By analyzing existing cross correlation between JetBlue Airways Corp and Xingyuan Environment Technology, you can compare the effects of market volatilities on JetBlue Airways and Xingyuan Environment and check how they will diversify away market risk if combined in the same portfolio for a given time horizon. You can also utilize pair trading strategies of matching a long position in JetBlue Airways with a short position of Xingyuan Environment. Check out your portfolio center. Please also check ongoing floating volatility patterns of JetBlue Airways and Xingyuan Environment.

Diversification Opportunities for JetBlue Airways and Xingyuan Environment

-0.65
  Correlation Coefficient

Excellent diversification

The 3 months correlation between JetBlue and Xingyuan is -0.65. Overlapping area represents the amount of risk that can be diversified away by holding JetBlue Airways Corp and Xingyuan Environment Technolog in the same portfolio, assuming nothing else is changed.
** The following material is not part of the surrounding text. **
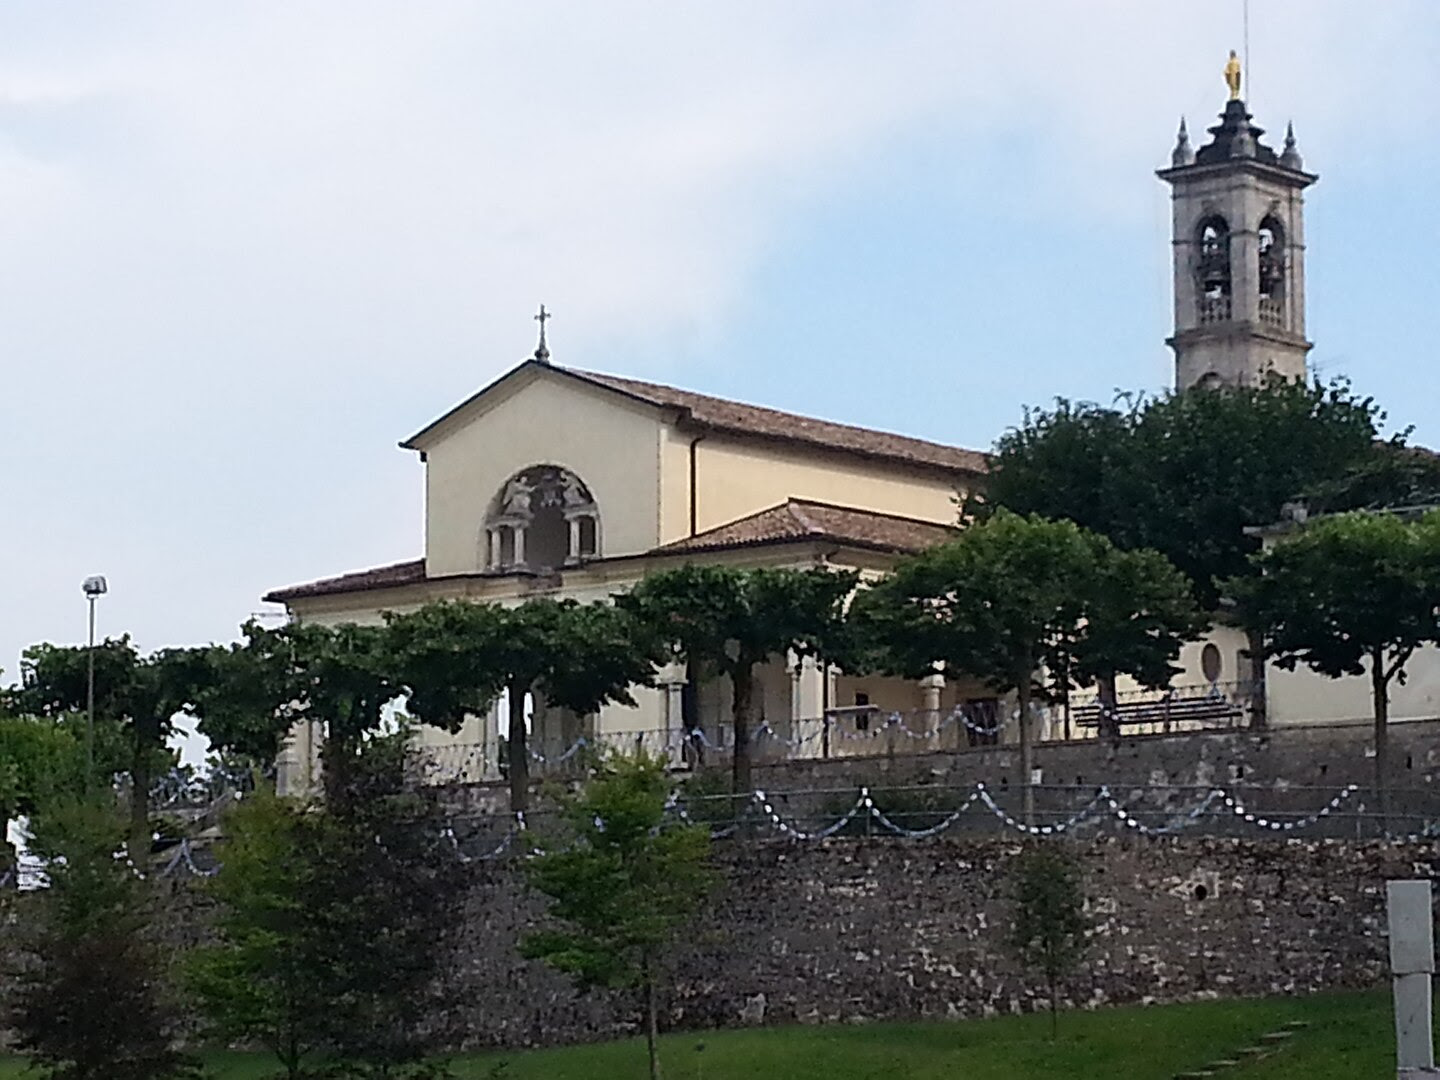 Cicloescursione tra la Val Cavallina e la Valle Seriana con salita al Colle Gallo – Madonna dei ciclisti e al Santuario di Altino
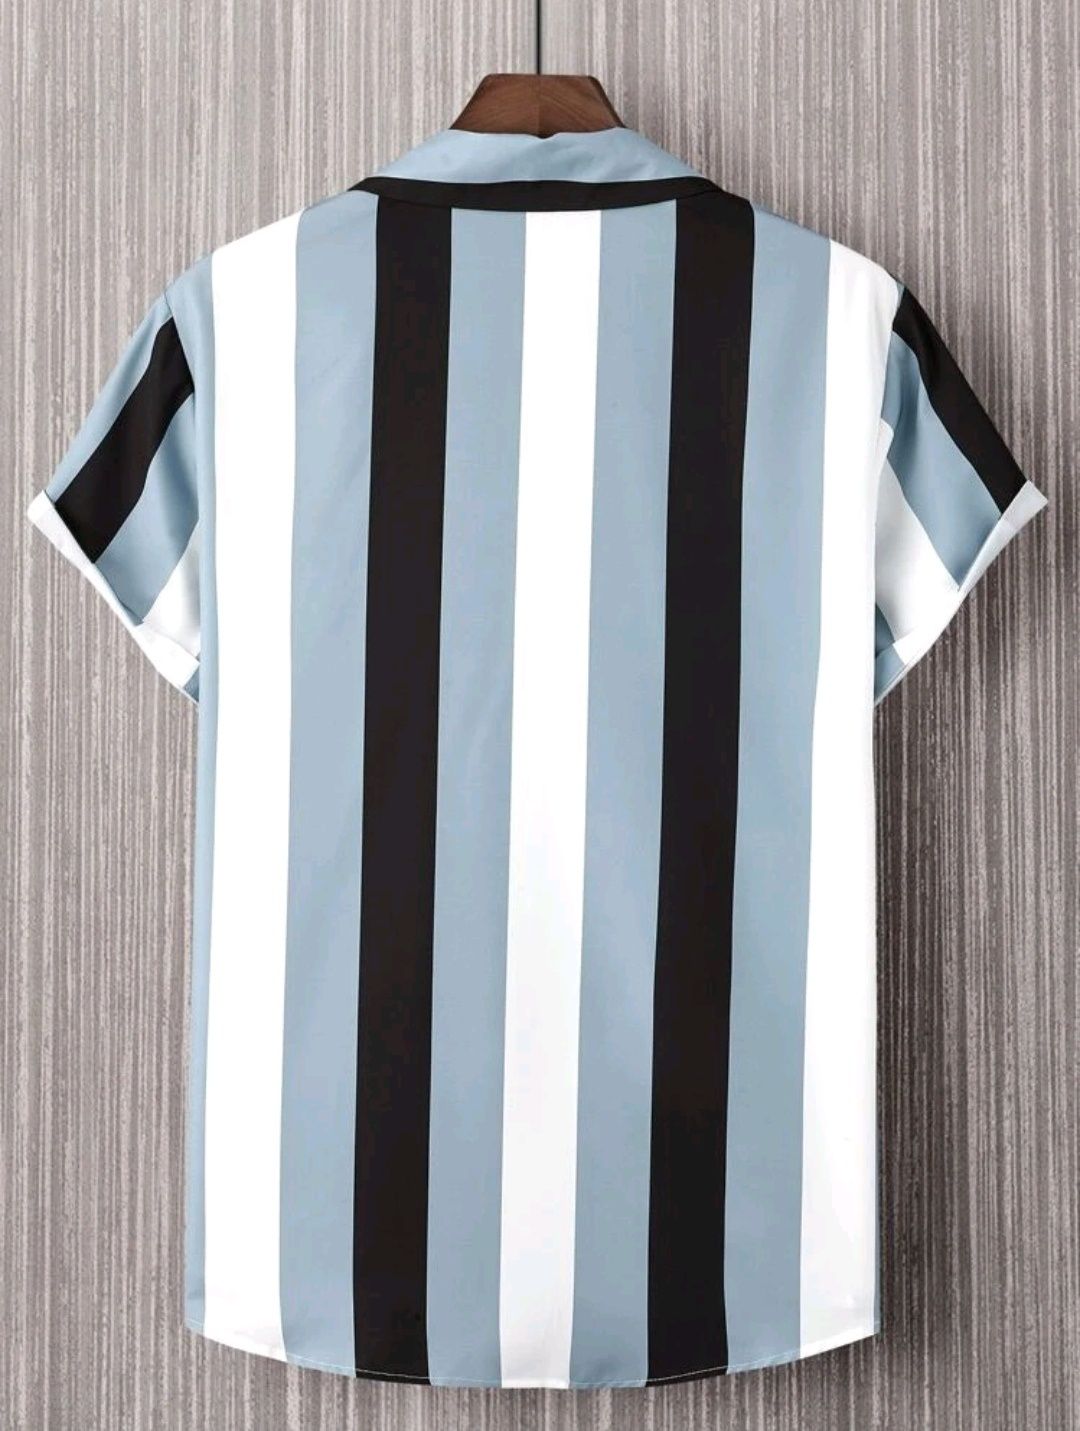 Camisa de Homem "Stripes" XL (Nova, baixa de preço)

The correlation between historical prices or returns on Xingyuan Environment and JetBlue Airways is a relative statistical measure of the degree to which these equity instruments tend to move together. The correlation coefficient measures the extent to which returns on JetBlue Airways Corp are associated (or correlated) with Xingyuan Environment. Values of the correlation coefficient range from -1 to +1, where. The correlation of zero (0) is possible when the price movement of Xingyuan Environment has no effect on the direction of JetBlue Airways i.e., JetBlue Airways and Xingyuan Environment go up and down completely randomly.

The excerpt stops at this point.